8.2 Project Approval Amendments¶. To the extent permitted by Applicable Law,
Project Approvals may, from time to time, be amended in the following manner:
8.2.1 Administrative Project Amendments. Upon Developer’s written request
for an amendment or modification to the Project Approvals, the City Manager shall determine:
(i) whether the requested amendment or modification is minor when considered in light of the
Project as a whole; and (ii) whether the requested amendment or modification is consistent with
this Agreement and Applicable Law. If the City Manager or his/her designee finds, in his or her
sole discretion, that the proposed amendment or modification is minor, consistent with this
Agreement and Applicable Law, and will result in no new significant impacts not addressed and
mitigated in the EIR, the amendment or modification shall be determined to be an
“Administrative Project Amendment” and shall not require an amendment to this Agreement.
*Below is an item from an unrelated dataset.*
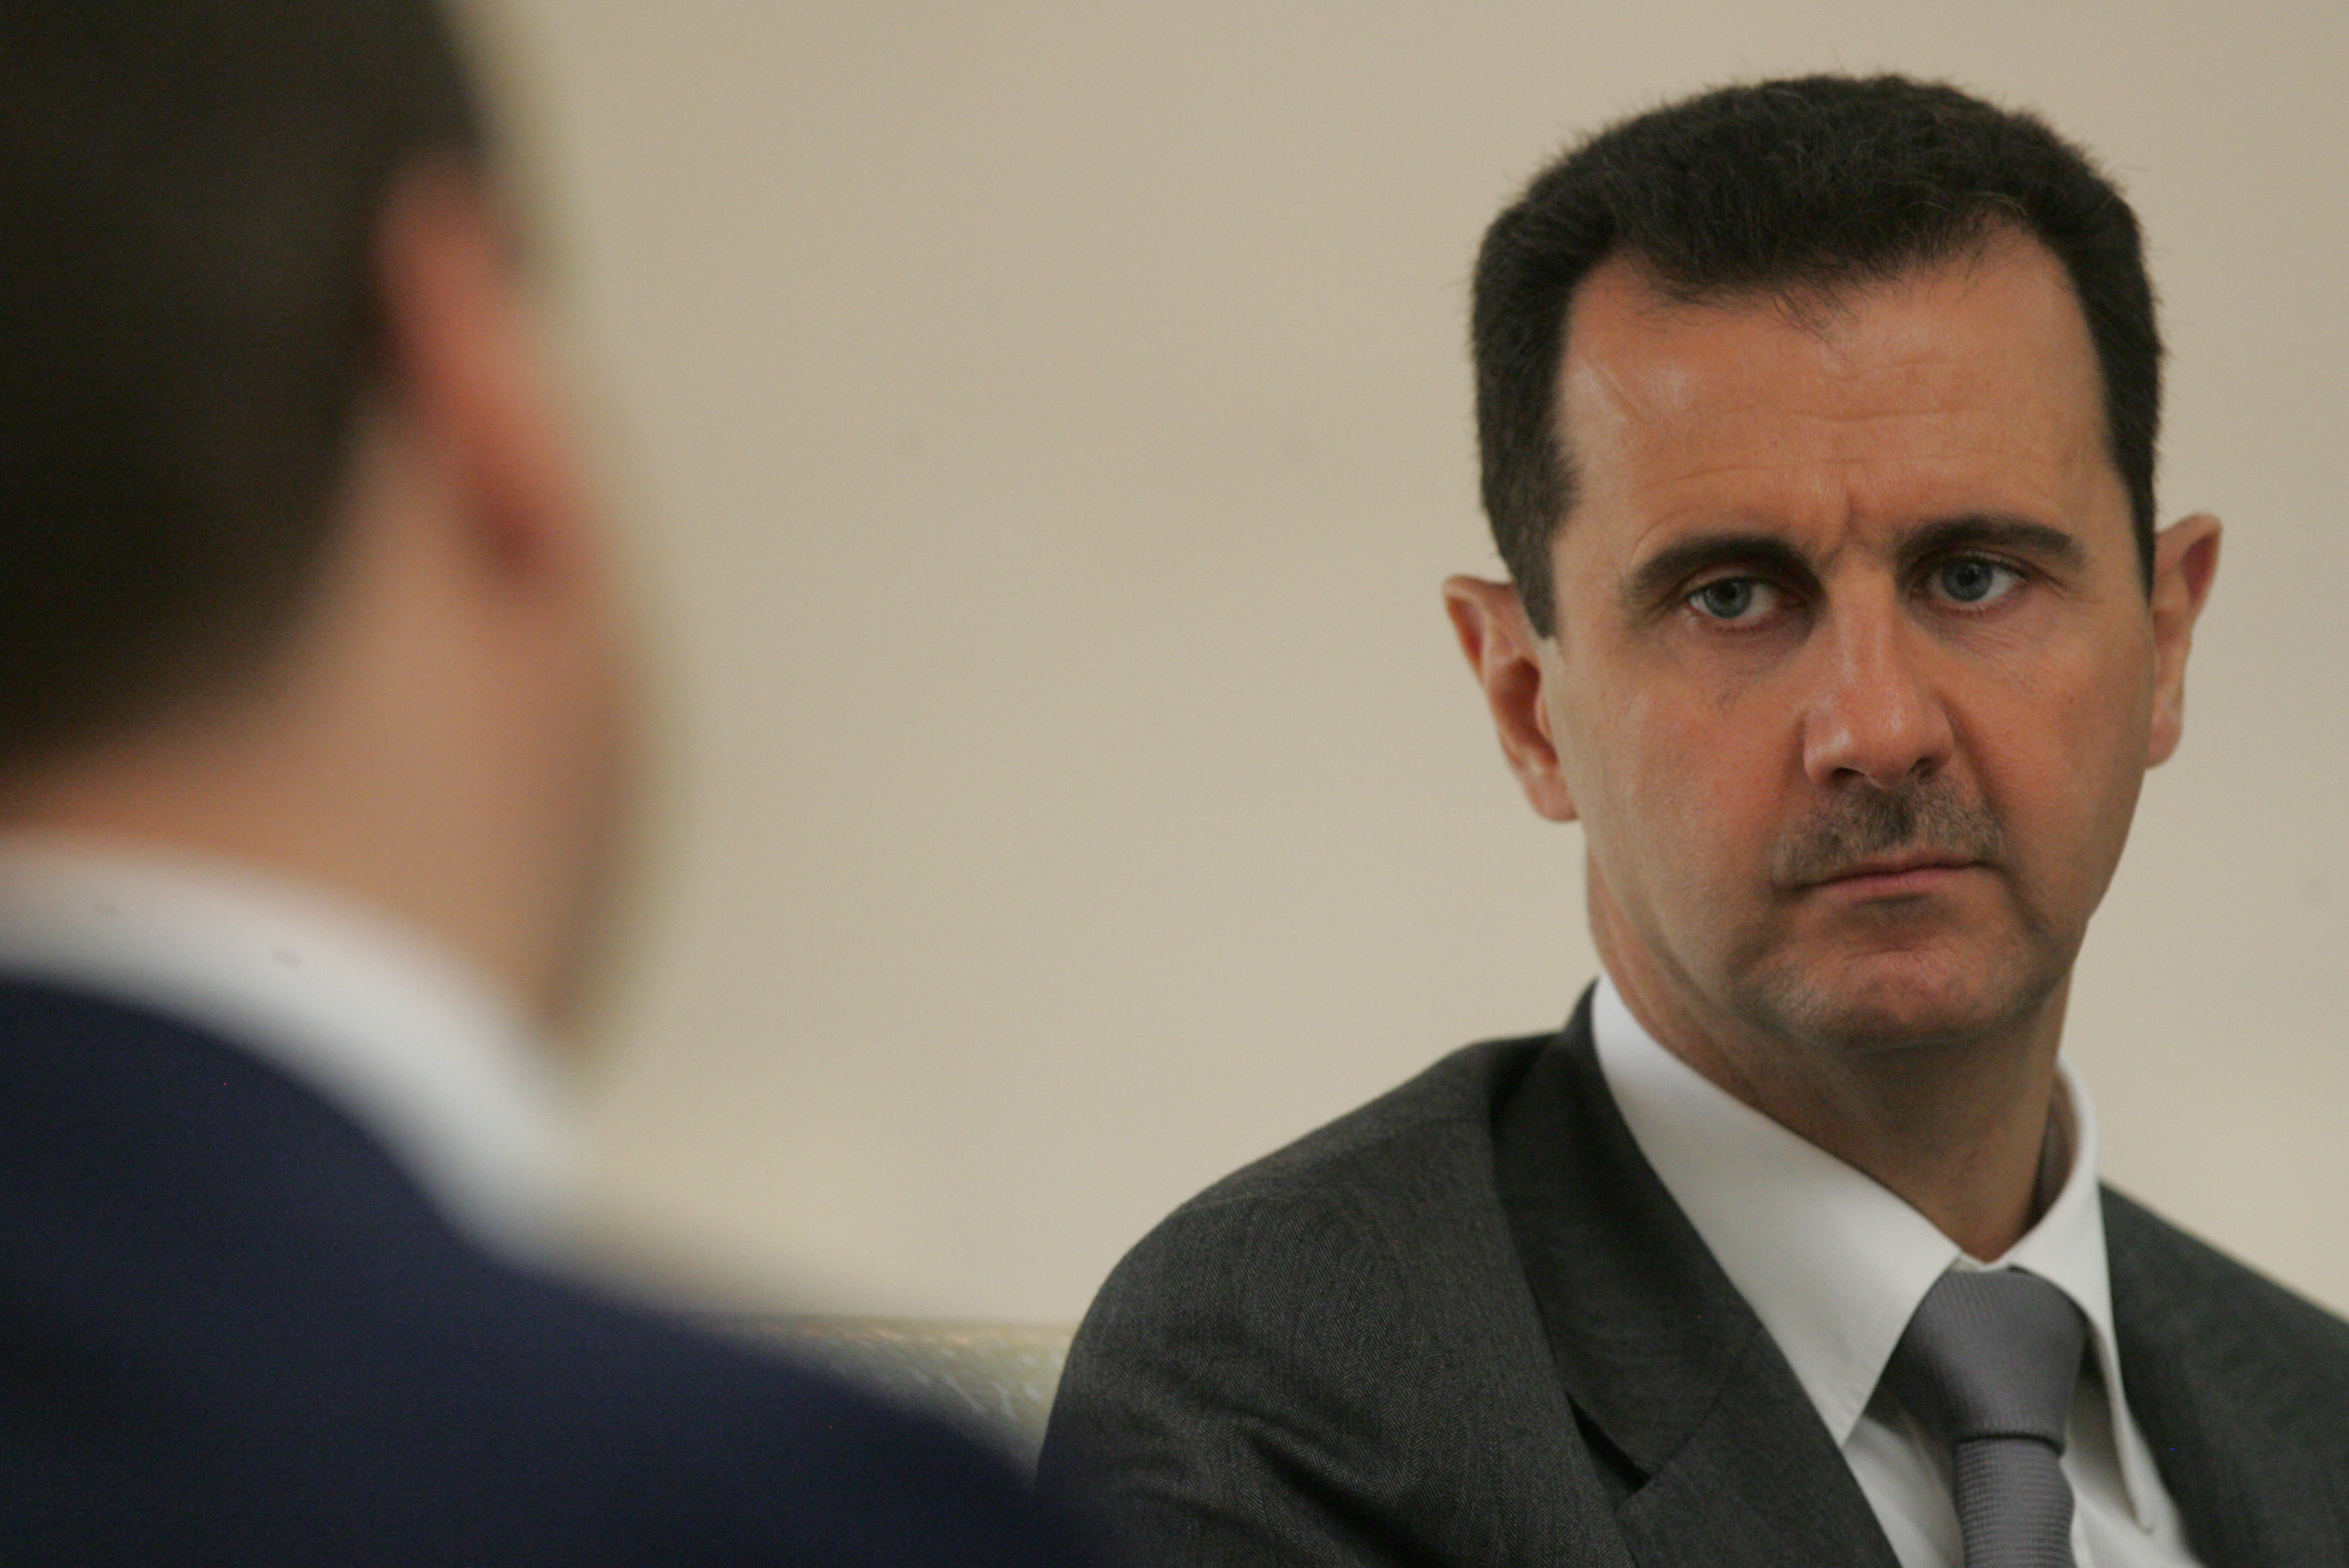 Bashar Assad in Damascus, Syria in 2010. (Sasha Mordovets—Getty Images)

Upon the City Manager’s written approval, an Administrative Project Amendment shall be
automatically incorporated into the applicable Project Approvals and this Agreement. Without
limiting the foregoing, and by way of example, after City approval of the MSDP and Master
Tentative Map and other applicable Subsequent Approvals, Developer requests for adjustments
to lot lines or other minor changes to subdivision maps or improvement plans, minor changes in
land uses involving minimal acreage, minor alterations in vehicle circulation patterns or vehicle
access points, minor changes in the amount of parking and parking layout, changes in pathway
alignments, substitutions of comparable landscaping for any landscaping shown on any final
development plan or landscape plan, variations in the location of structures that do not
substantially alter the infrastructure connections or facilities that do not substantially alter the
design concepts of the Project, and minor adjustments to the Site Map or Property Description
may be treated as Administrative Project Amendments.
8.2.2 Major Project Amendments. Any amendment to the Project Approvals
which is determined not to be an Administrative Project Amendment as set forth above in
Section 8.2.1 shall be deemed a “Major Project Amendment”. A Major Project Amendment,
shall be processed in the same manner and require the same approvals as the original Project
Approval, including, where so required, giving of notice and a public hearing before the
Planning Commission and City Council in accordance with the Applicable Law. The City
Manager or his or her designee shall have the authority to determine if an amendment is a Major
Project Amendment subject to this Section 8.2.2 or an Administrative Project Amendment
subject to Section 8.2.1 above.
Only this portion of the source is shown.